_EXERCISE OBJECTIVE_
Print only the lines below from the one with "I am personally quite liberal." to the one with "LoveShackFancy Navy Metallic", both included, exactly as they stand. Leave pictures out.

_EXTRACTED INFORMATION_

******

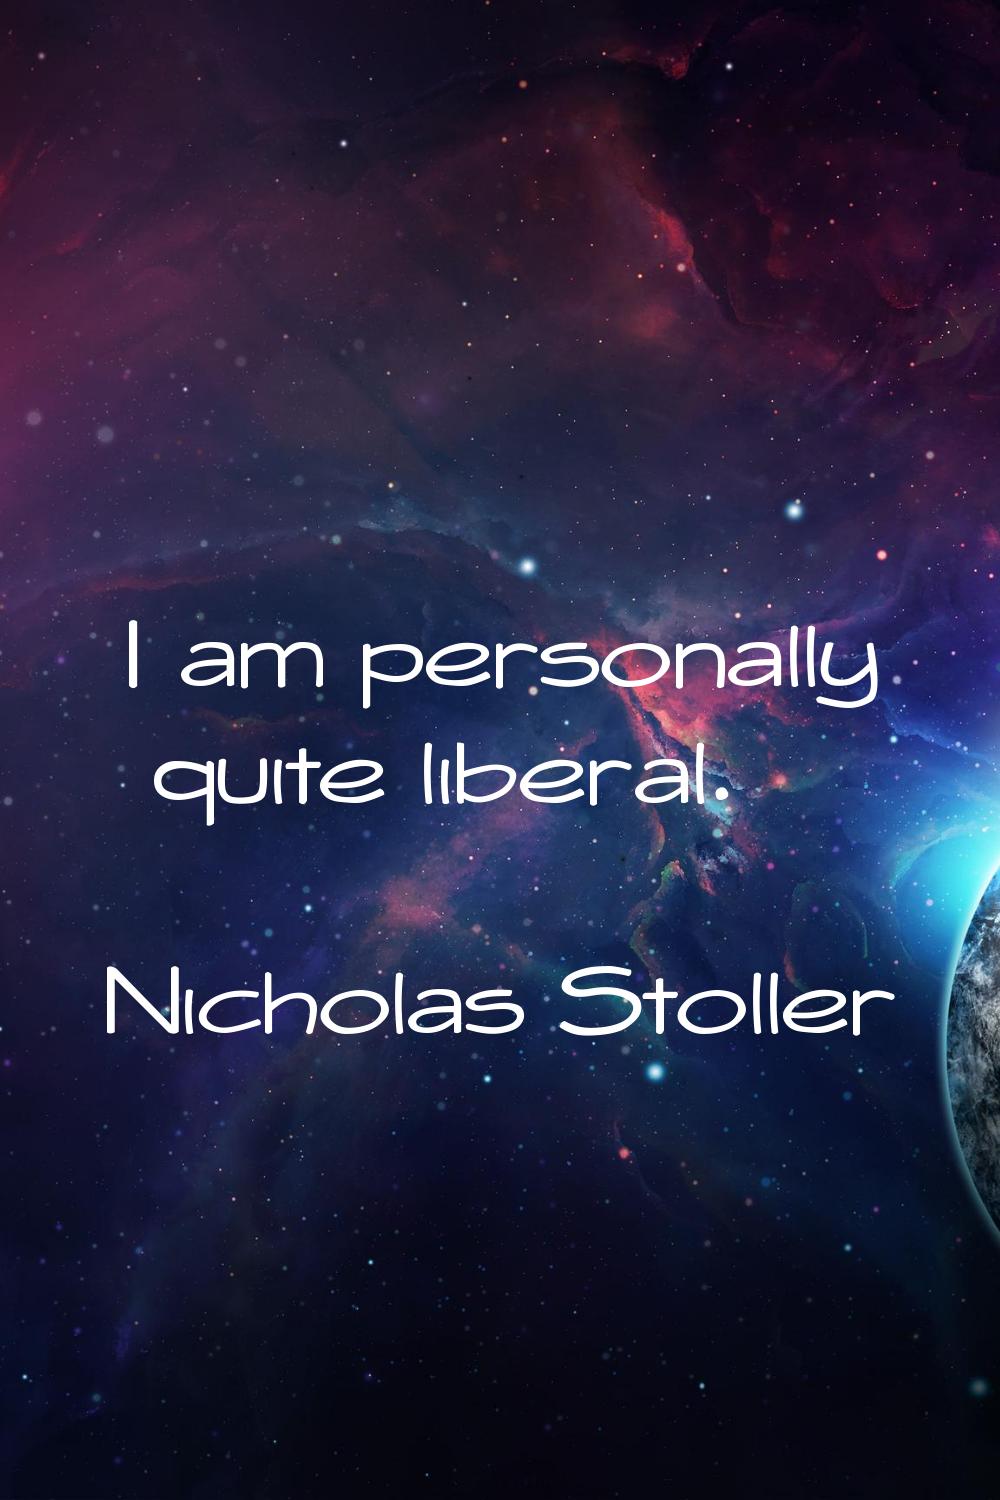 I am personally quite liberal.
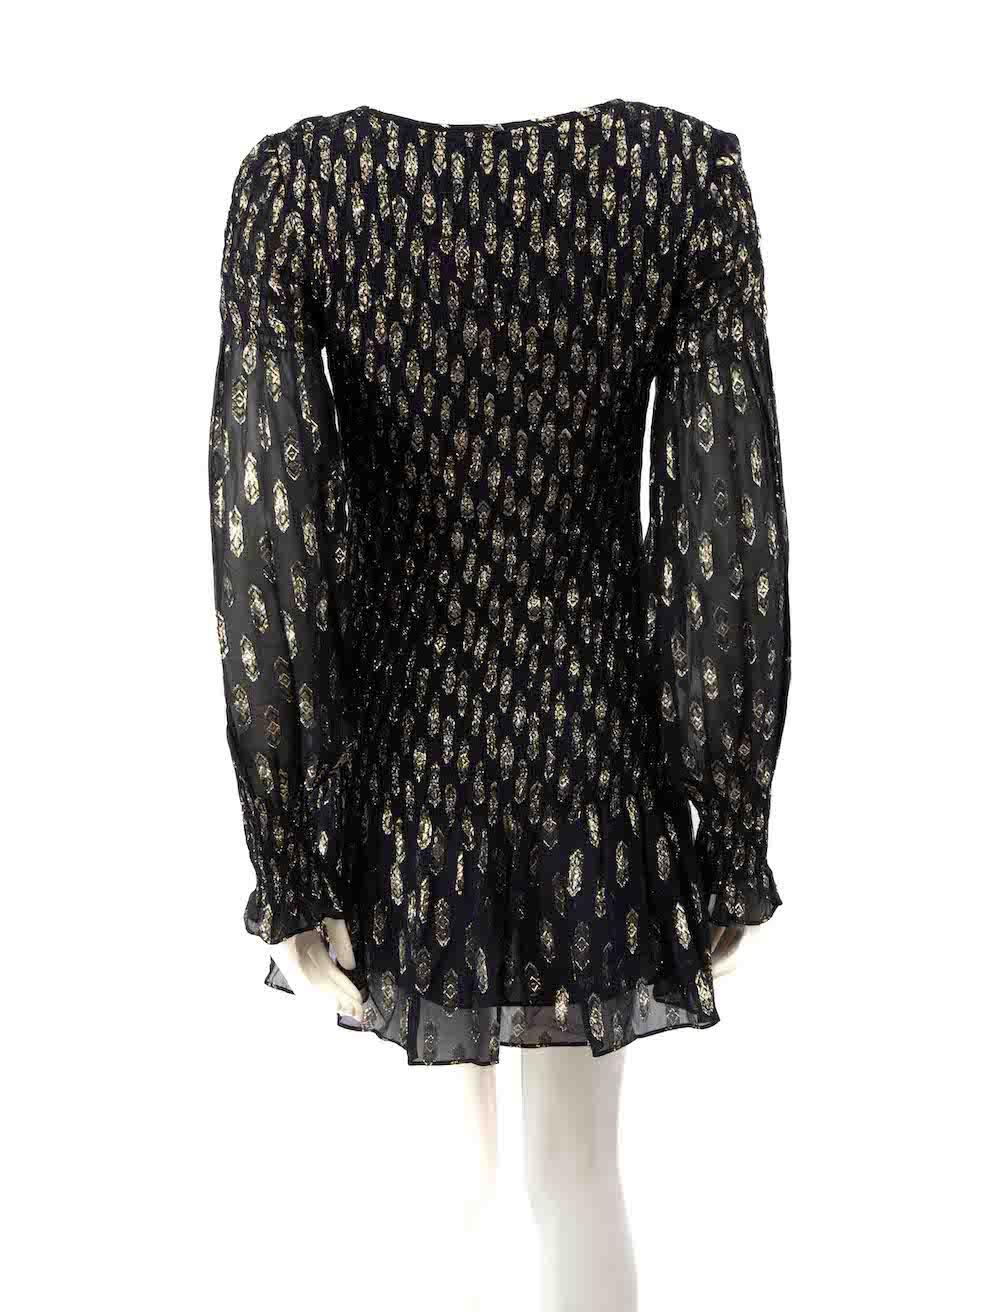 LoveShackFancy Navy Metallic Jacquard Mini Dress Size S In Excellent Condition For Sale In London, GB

******

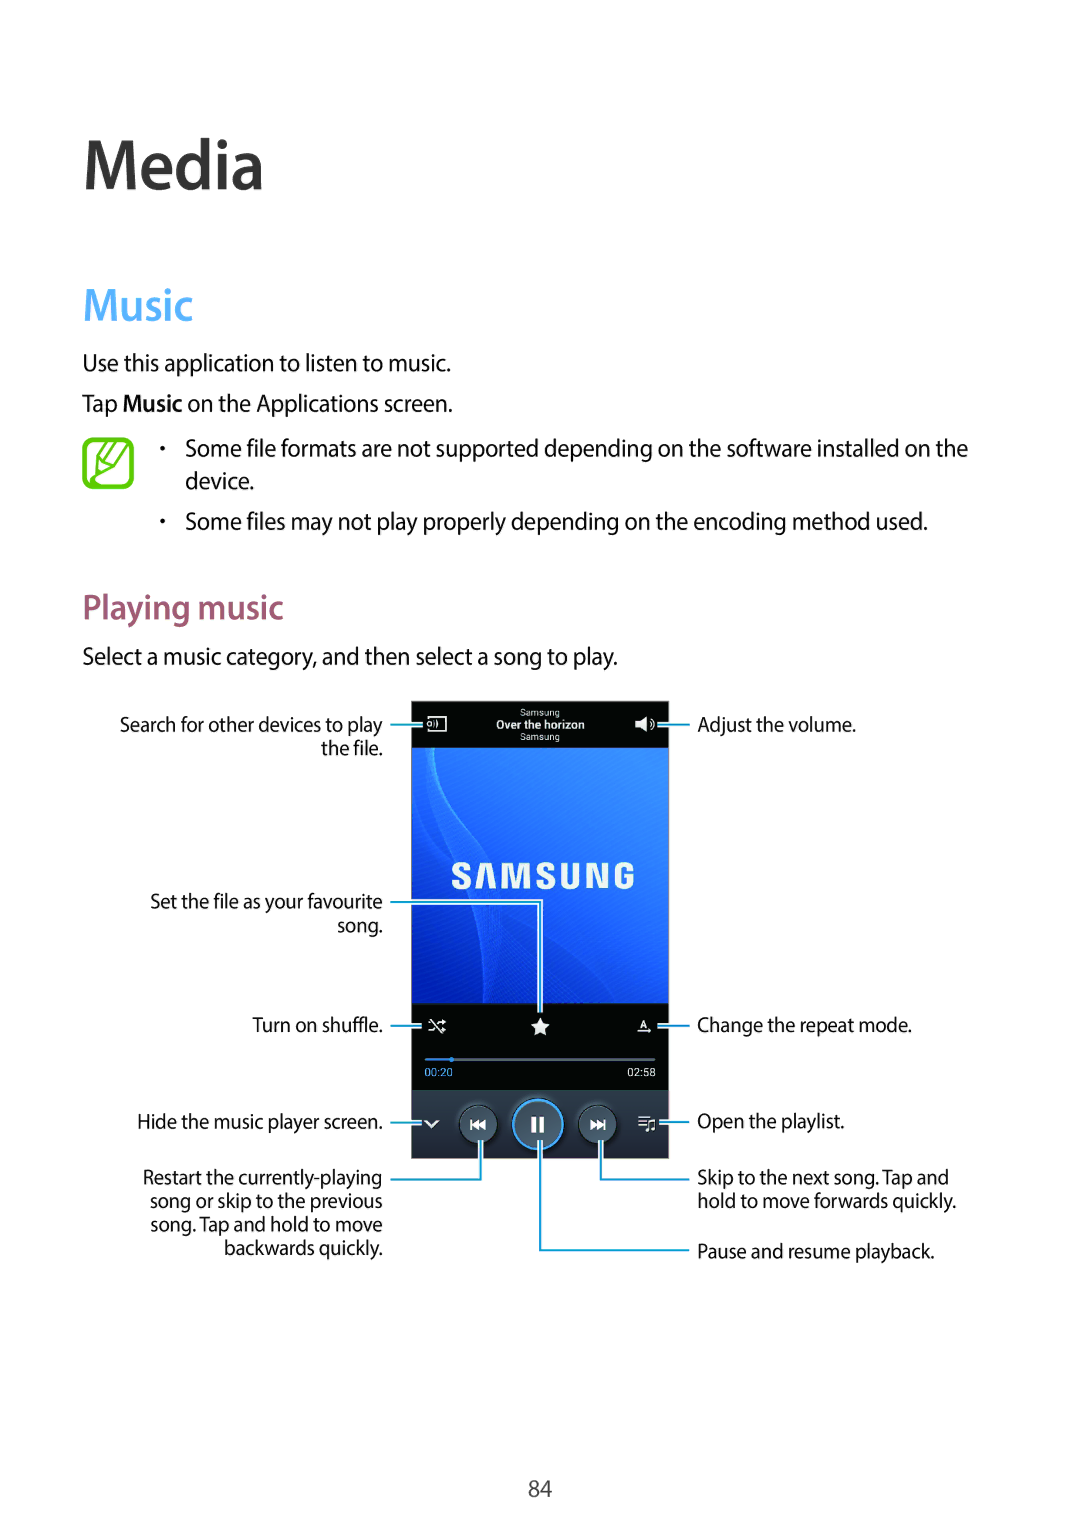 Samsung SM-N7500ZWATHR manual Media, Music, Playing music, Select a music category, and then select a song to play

******

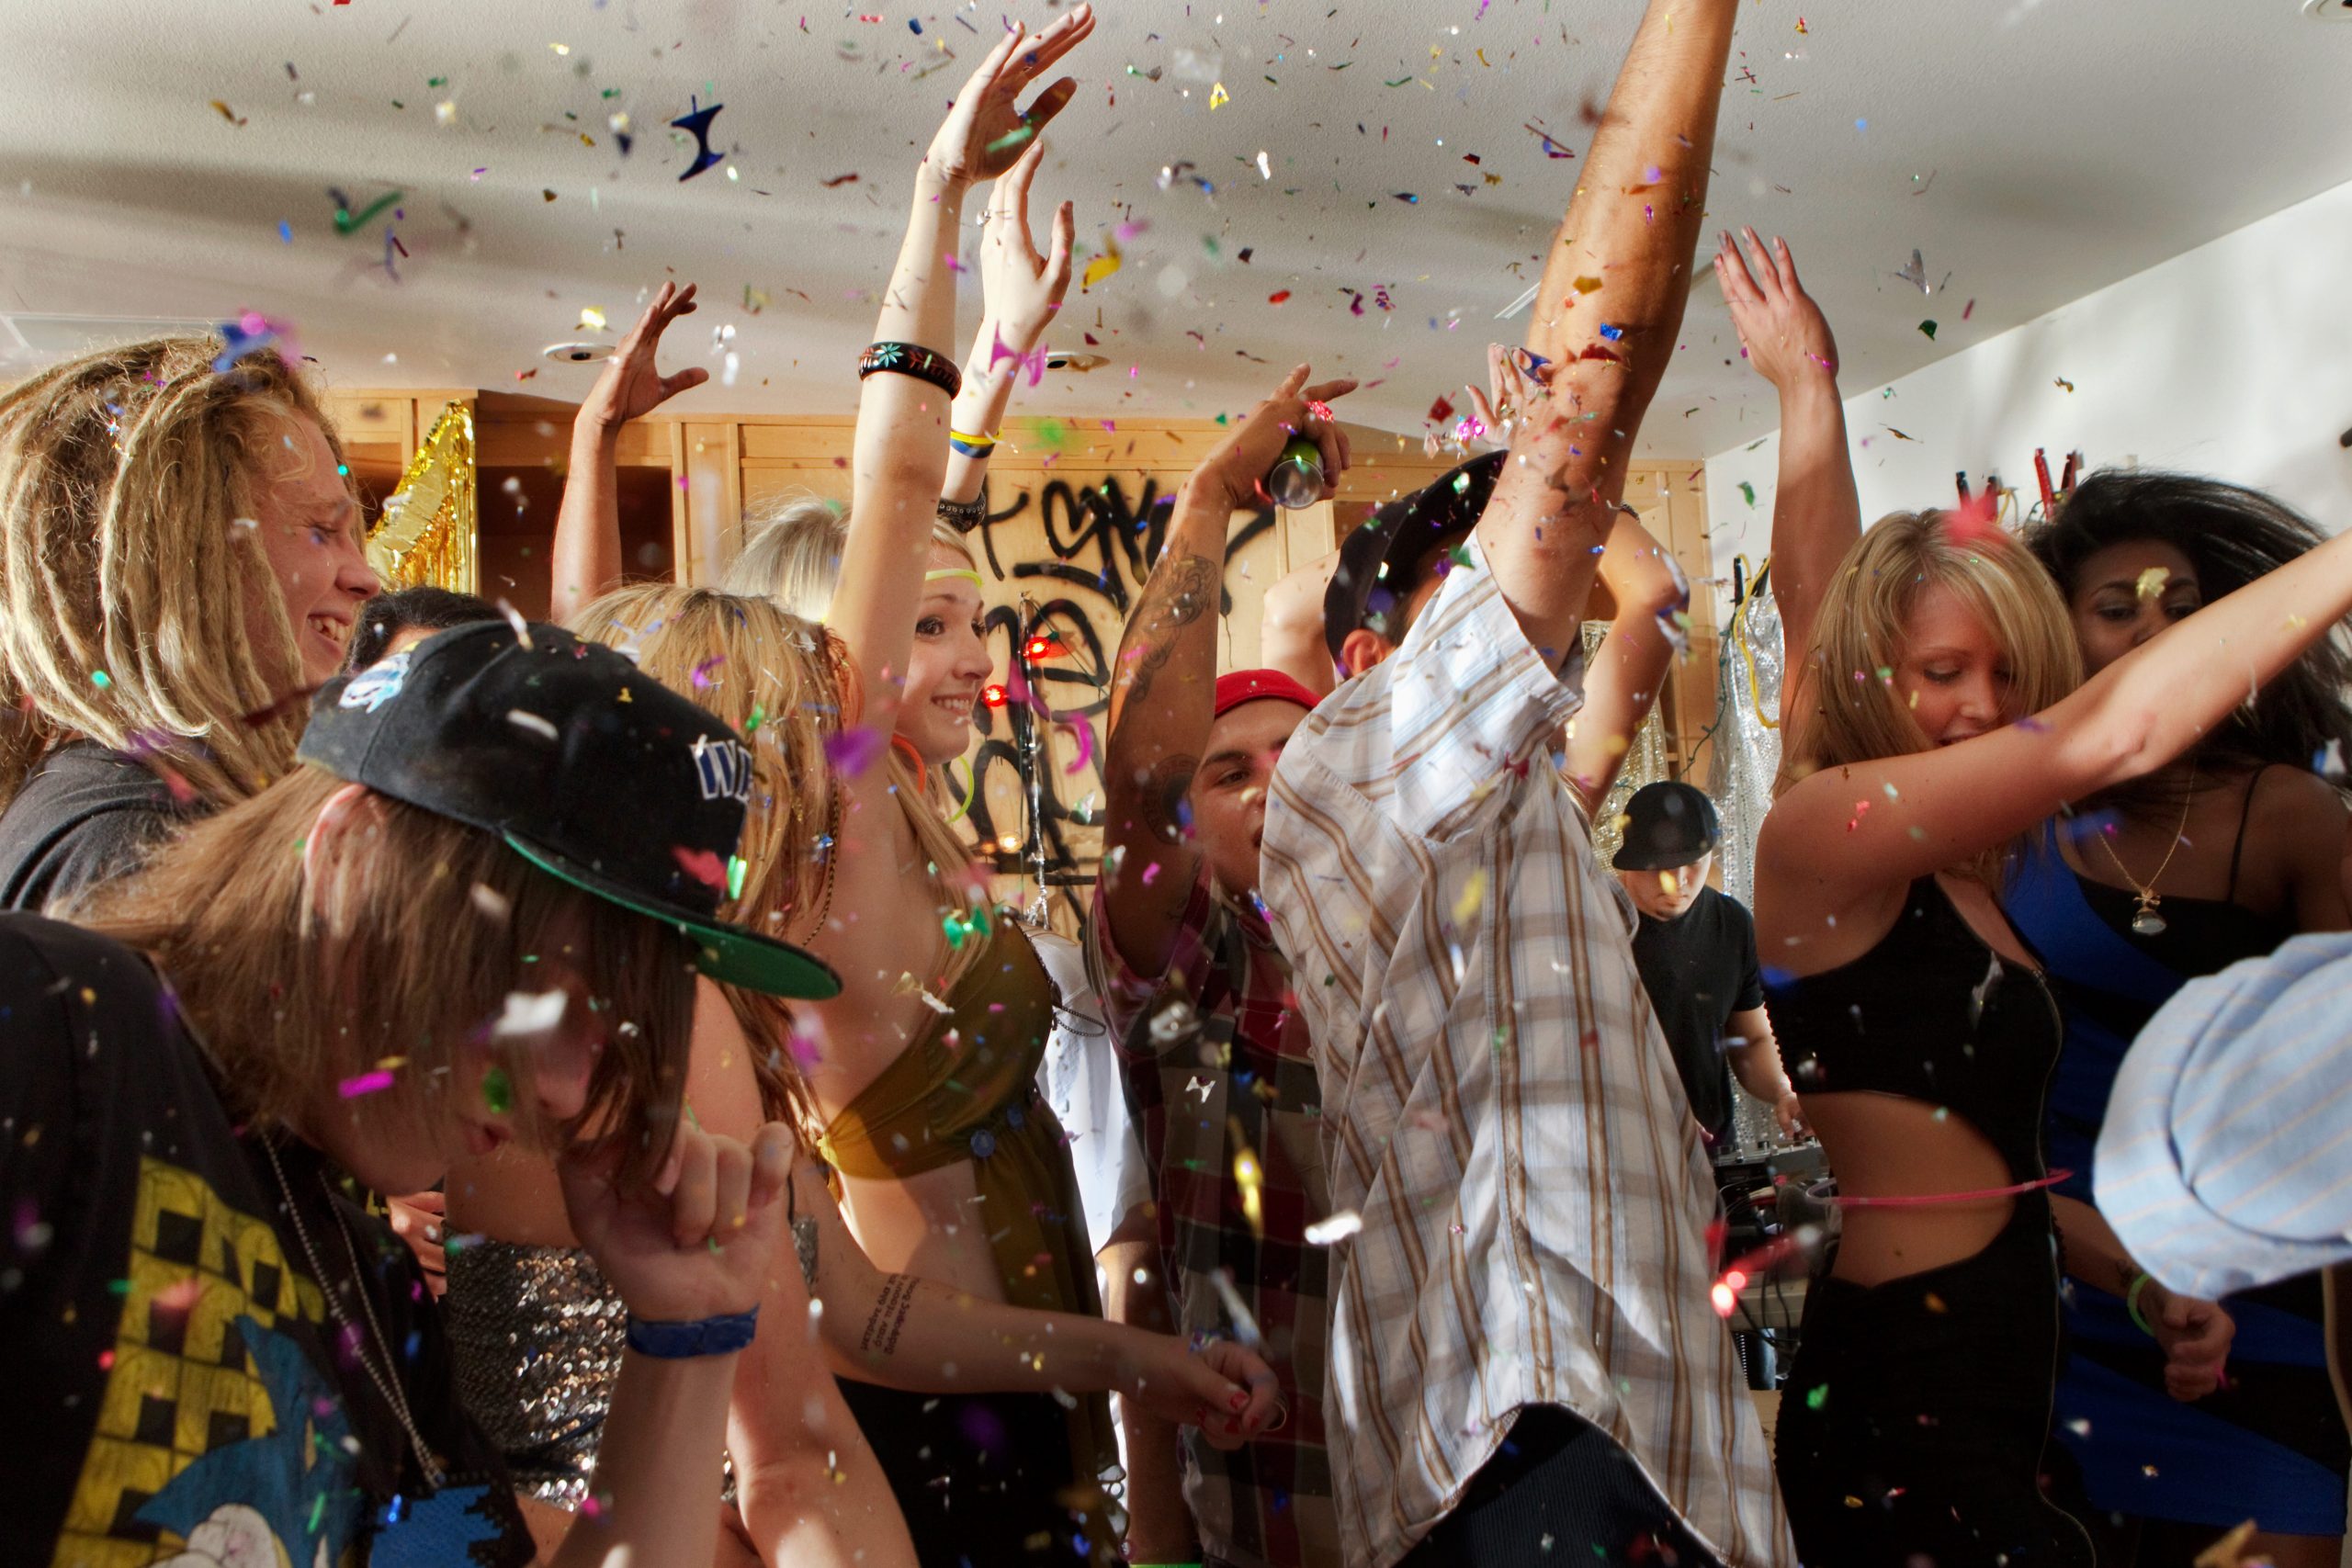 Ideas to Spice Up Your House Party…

******

_TASK OUTPUT_
 I am personally quite liberal.
 LoveShackFancy Navy Metallic Jacquard Mini Dress Size S In Excellent Condition For Sale In London, GB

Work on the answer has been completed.